Szturm na Zakopane. "Ludzie są już zmęczeni"
W jego ocenie spora część społeczeństwa, na przykładzie Zakopanego, odebrała luzowanie obostrzeń, jako sygnał, że jest bezpieczniej i można pozwolić sobie na więcej.
- I to widać nie tylko na Krupówkach, także na przykładzie kolejek do kin czy muzeów. Z socjologicznego punktu widzenia, ludzie pandemią są po prostu zmęczeni i mają jej dość. Chcą normalności. I chcą z niej w nieograniczony sposób korzystać. Spójrzmy na Warszawę. Co weekend na Trakcie Królewskim mamy setki, tysiące osób spacerujących obok siebie. Tłumy ludzi przedzierających się między sobą. Ale przecież policjanci nie nakładają mandatów karnych za samą obecność, ale za brak maseczki i za niezastosowanie się do poleceń funkcjonariuszy. W skrajnych przypadkach, tak jak na Krupówkach, za napaść na funkcjonariuszy - uważa były rzecznik polskiej policji.
Były policjant zwraca uwagę również na często słabą komunikację i objaśnianie luzowania obostrzeń przez państwo.
- Patrząc na cały proces pandemii od marca ubiegłego roku, można powiedzieć, że komunikaty płynące z rządu nie zawsze były spójne. Szczególnie w tym pierwszym okresie. Nie zostały odpowiednio przekazane, nie zostały odpowiednio zrozumiane, a co za tym idzie budziły społeczny sprzeciw - twierdzi Sokołowski.

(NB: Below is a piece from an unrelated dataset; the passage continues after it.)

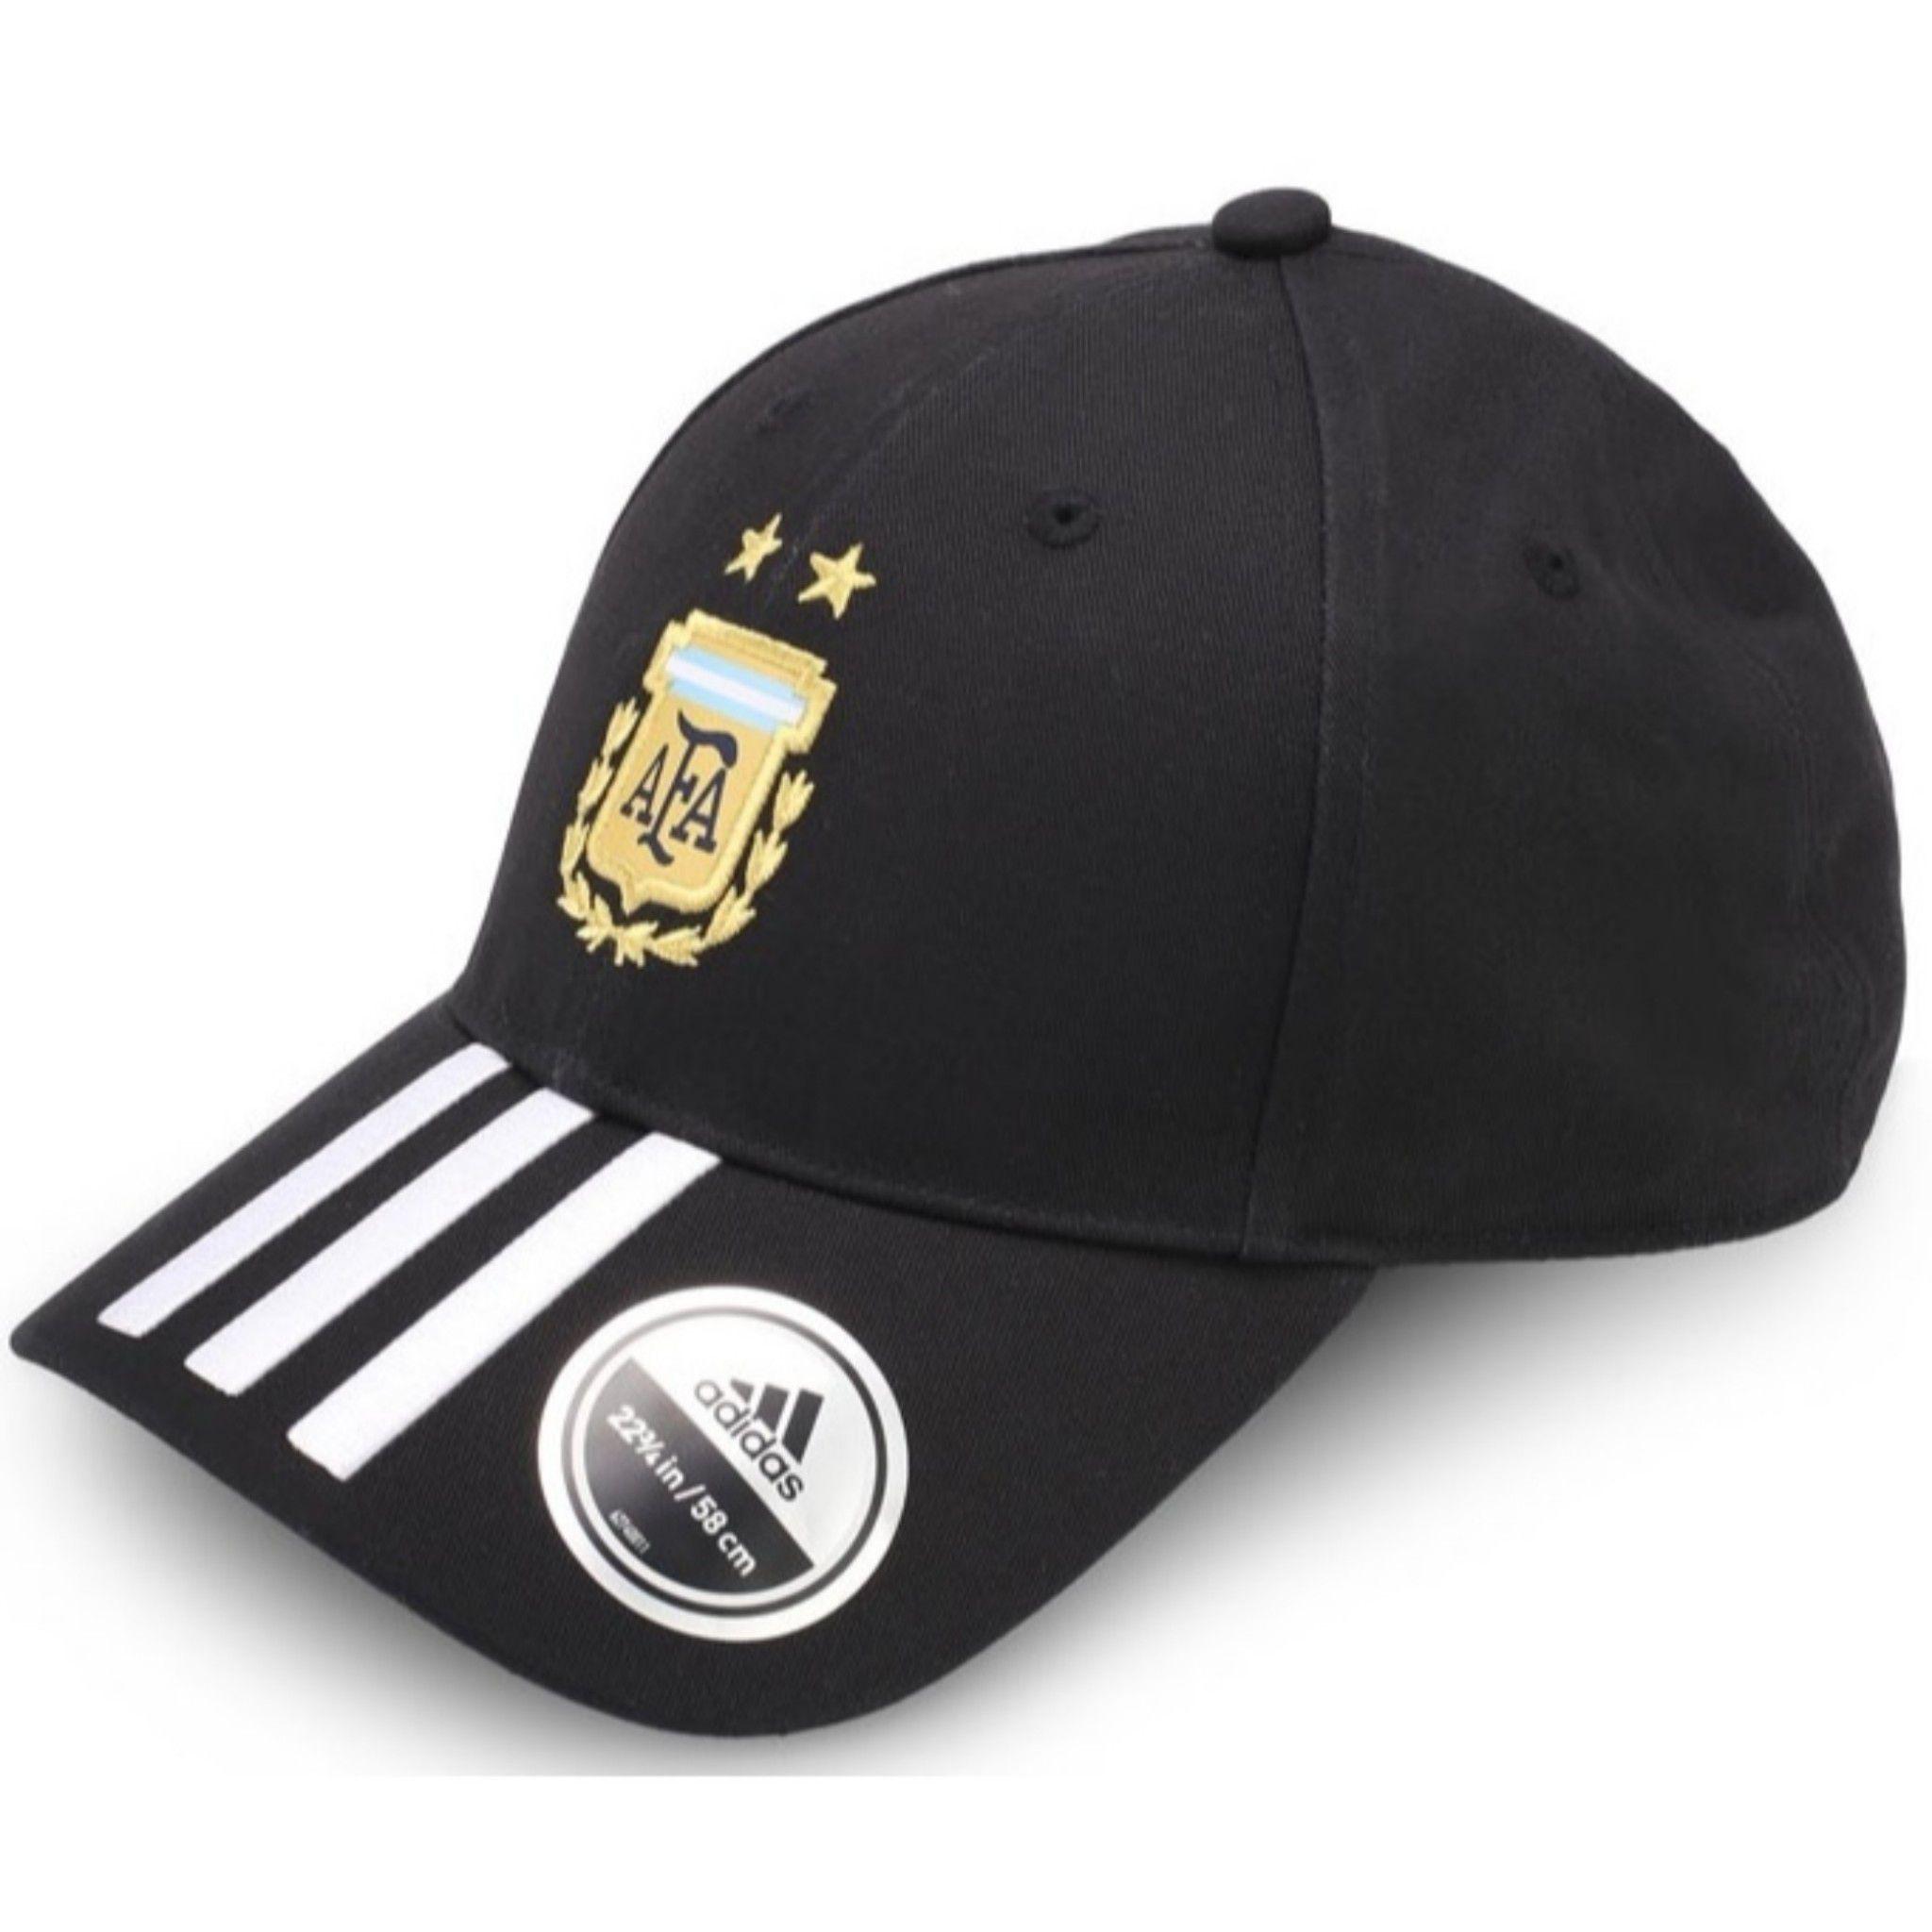 Adidas Black Printed Cotton Caps

- Wiele osób, które były w stolicy Tatr, będzie się tłumaczyć: przecież mi wolno było tam być. A niezachowanie odległości? Brak maseczek? Ludzie najczęściej usprawiedliwiają się wtedy: jeśli ktoś ma się dostosować do zaleceń, to nie ja, ale najlepiej jak to zrobi inna osoba. Z tego, że się przebywa w danym miejscu można się wytłumaczyć. Ale już nawoływanie przez policję do stosowania się do zaleceń, jest przez tych ludzi rozumiane w różny sposób. To sprawia, że policjanci są w bardzo trudnej sytuacji i muszą reagować indywidualnie na każdy przypadek. Trzeba stale komunikować ludziom, że luzowanie obostrzeń nie polega na tym, że wszystko wolno im od razu… - kończy Sokołowski.

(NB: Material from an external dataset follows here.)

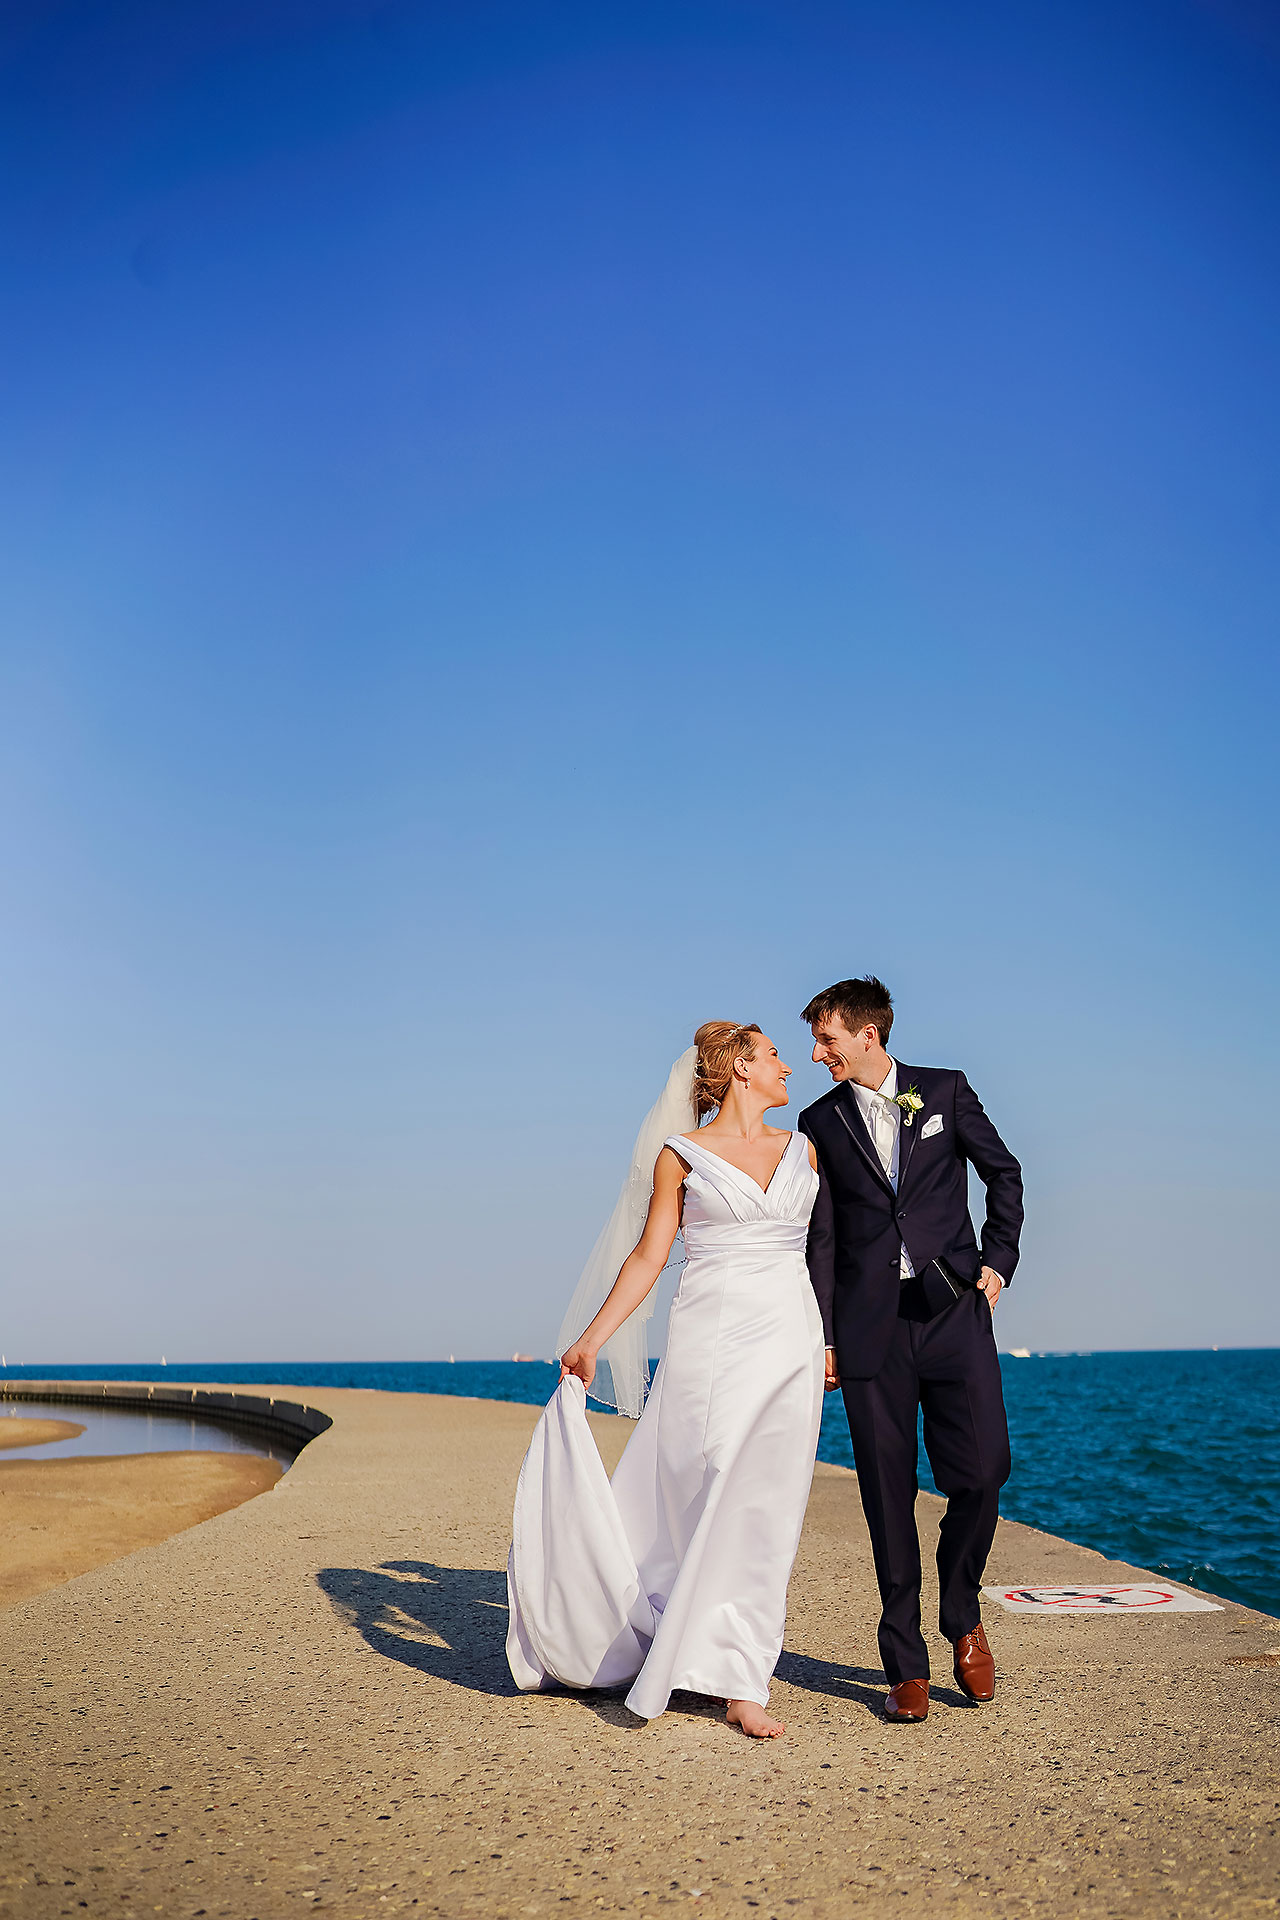 Jaclyn Matt Odessy Chicago River Cruise Wedding 095

Szturm na Zakopane. Wrócą regionalne obostrzenia?
Szturm turystów na Zakopane i nieprzestrzeganie restrykcji w ostrych słowach komentowali w poniedziałek przedstawiciele rządu.
- Ta sytuacja jest wyrazem absolutnego braku odpowiedzialności, obostrzenia zostały zniesione na dwa tygodnie, jeżeli sytuacja będzie się pogarszać, to jest zagrożenie, że one wrócą - mówił w RMF FM szef KPRM Michał Dworczyk.
- Apeluję do wszystkich o odpowiedzialność, która w tej sytuacji ma szczególne znaczenie. Nie chciałbym też, żeby wysiłek medyków został zniweczony przez tak głupie i nieodpowiedzialne zachowanie. Nie chciałbym, żeby Krupówki były początkiem trzeciej fali w Polsce - podkreślił minister.
I jak zapowiedział, jeśli wskaźniki epidemiczne będą się pogarszały, pewne obostrzenia będą przywracane regionalnie.